A autonomia é condição para o trabalho competente. Mas, autonomia não significa isolamento. Lamentavelmente, em muitos casos, a comunidade acadêmica tem uma concepção equivocada de autonomia. Defende um isolamento que se transforma em autonomia cadavérica, que se manifesta pela passividade, pela negatividade em relação aos desejos, impulsos ou sugestões do mundo exterior, ou defende autonomia autista, que se manifesta em um total isolamento ensimesmado, que não toma conhecimento da sociedade. (p.166).

A autonomia, como potência/poder de decisão e ação, constitui um postulado essencial na performance docente, uma vez que implica na politicidade do processo ensino-aprendizagem. Freire (1999) defende a pedagogia da autonomia afirmando que ela tem a qualidade de ser política, uma vez que envolve professores, estudantes, conteúdos, métodos, técnicas e materiais num mesmo movimento espiralado.

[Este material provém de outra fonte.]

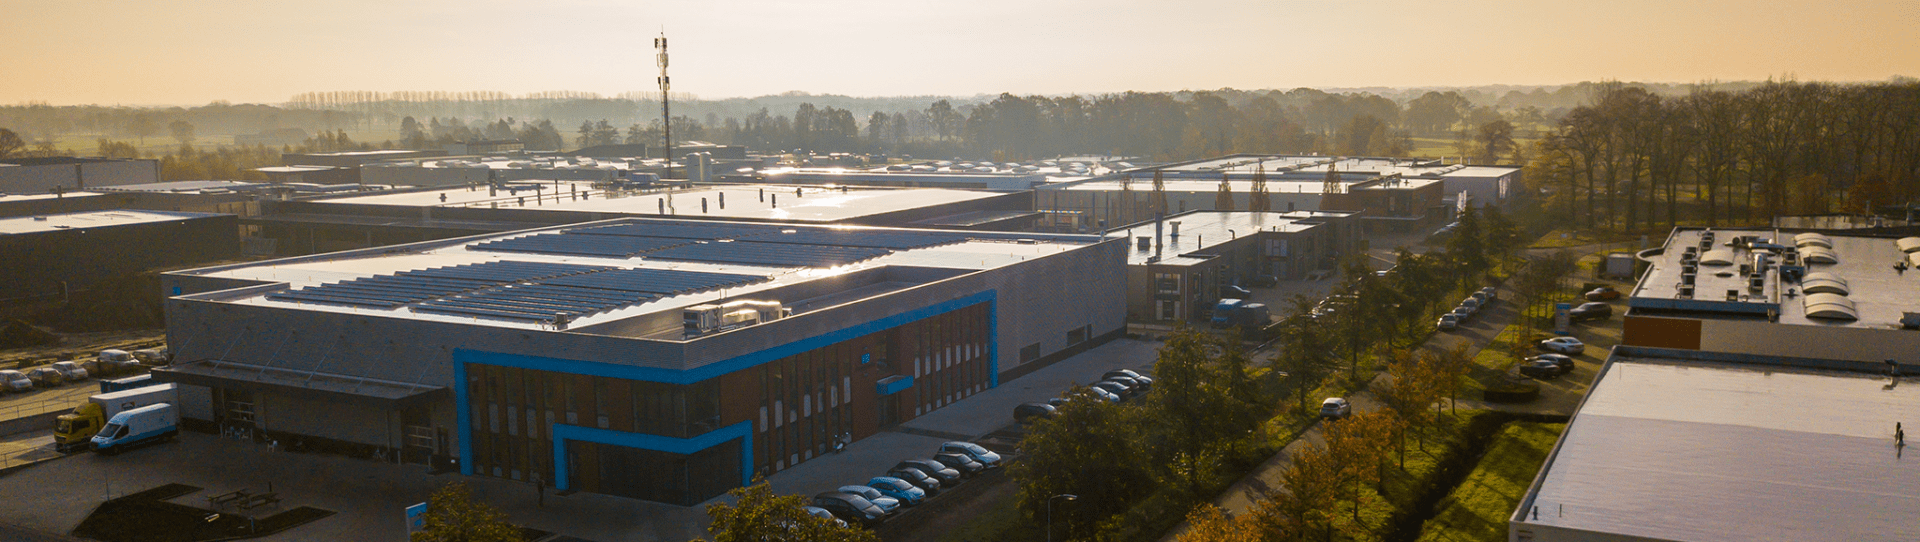 Image drone : bâtiments commerciaux de Varsseveld

Para ele, a educação “é diretiva, por isso política, é artística e moral, serve-se de meios, de técnicas, envolve frustrações, medos, desejos” (p.78).

A autonomia como potência na performance docente configura-se como

princípio de decisão estabelecendo critérios e parâmetros para a dimensão política no processo de elaboração de materiais didáticos para EaD.